Pour donner un exemple concret : la peur est une émotion largement partagée, tant dans l'histoire que dans le monde, et a un substrat biologique qui prend appui sur le fonctionnement du cerveau. Il n'en reste pas moins que son expression, son intensité, sa réception par une audience varient considérablement selon l'importance donnée à certains stimuli par le groupe social et culturel où elle s'exprime, à un moment précis de son histoire. Prenons le cas du climat : les angoisses et les peurs des climatologues et citoyens bien conscients des urgences climatiques, ont progressivement pris une place plus grande. Néanmoins la répartition des craintes face aux catastrophes climatiques reste inégalement partagée, comme le montrait le décalage hallucinant entre l'alarme lancée une fois de plus par le dernier rapport du GIEC et l’attention qu'y accordent de nombreux représentants politiques, de Donald Trump à Charles Michel.

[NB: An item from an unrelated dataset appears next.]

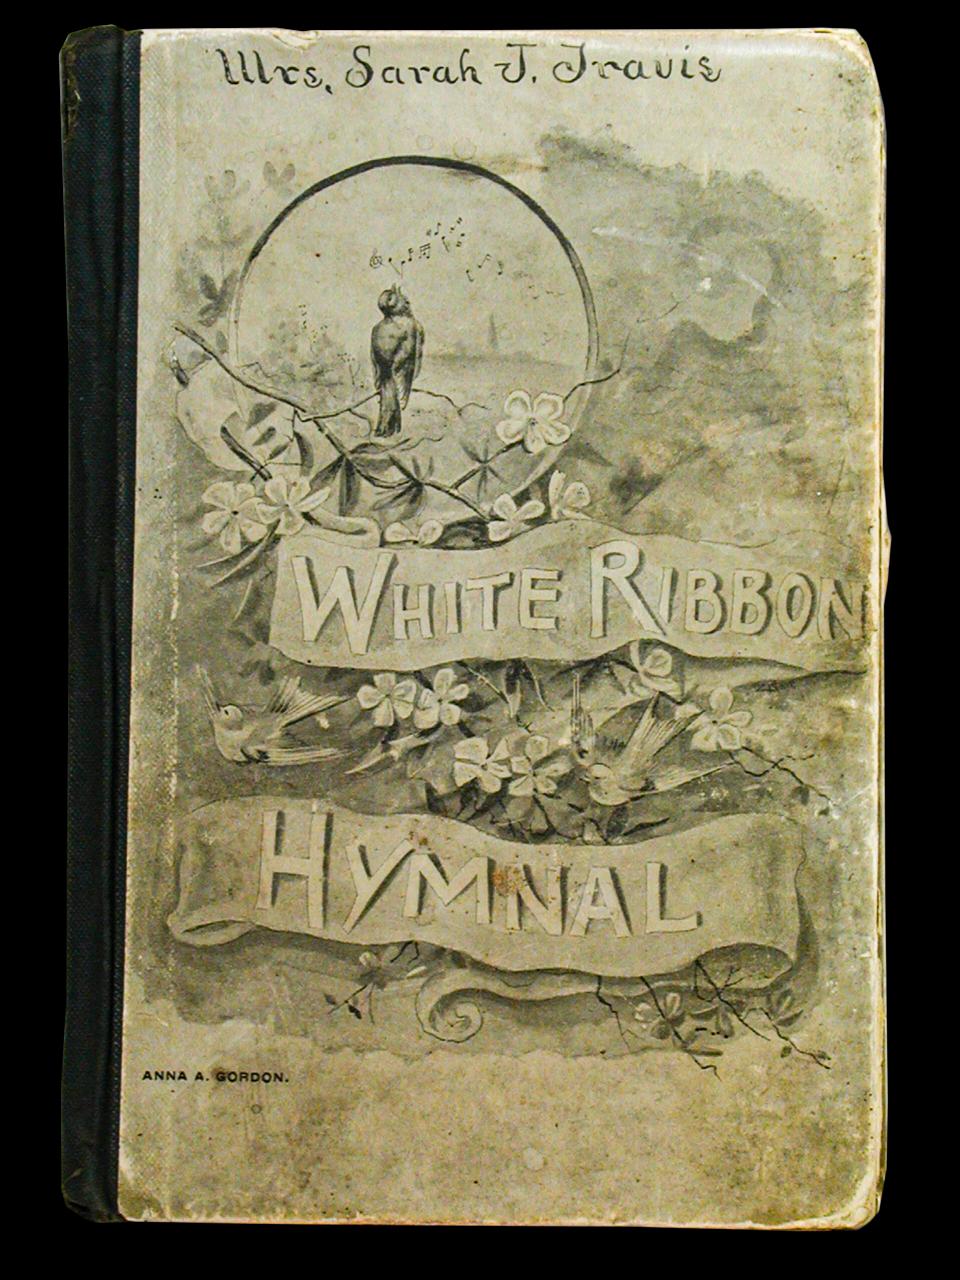 Artifact, songbook

C'est en cela que l'approche des émotions peut être si complexe. Elles sont à la fois individuelles, propres au bagage de chaque individu, et collectives. Ce qui influence la manière d'appréhender les émotions en groupe, en animation.

Contact : IEP - 04 250 95 84 - https://institut-eco-pedagogie.be 


(1) Le ressenti est en réalité l’émotion traduite par  le corps, comme le stress peut être généré par la peur.
(2) A ce sujet, Sylvie Berthoz constate que les émotions ont longtemps été ignorées par les neurosciences. Le cerveau était vu comme le territoire de la raison, et le corps celui des émotions. La première étant le propre de l'homme, tandis que les émotions seraient communes à tous les mammifères. A lire dans « Les émotions au cœur du cerveau », Cerveau & Psycho, 2009.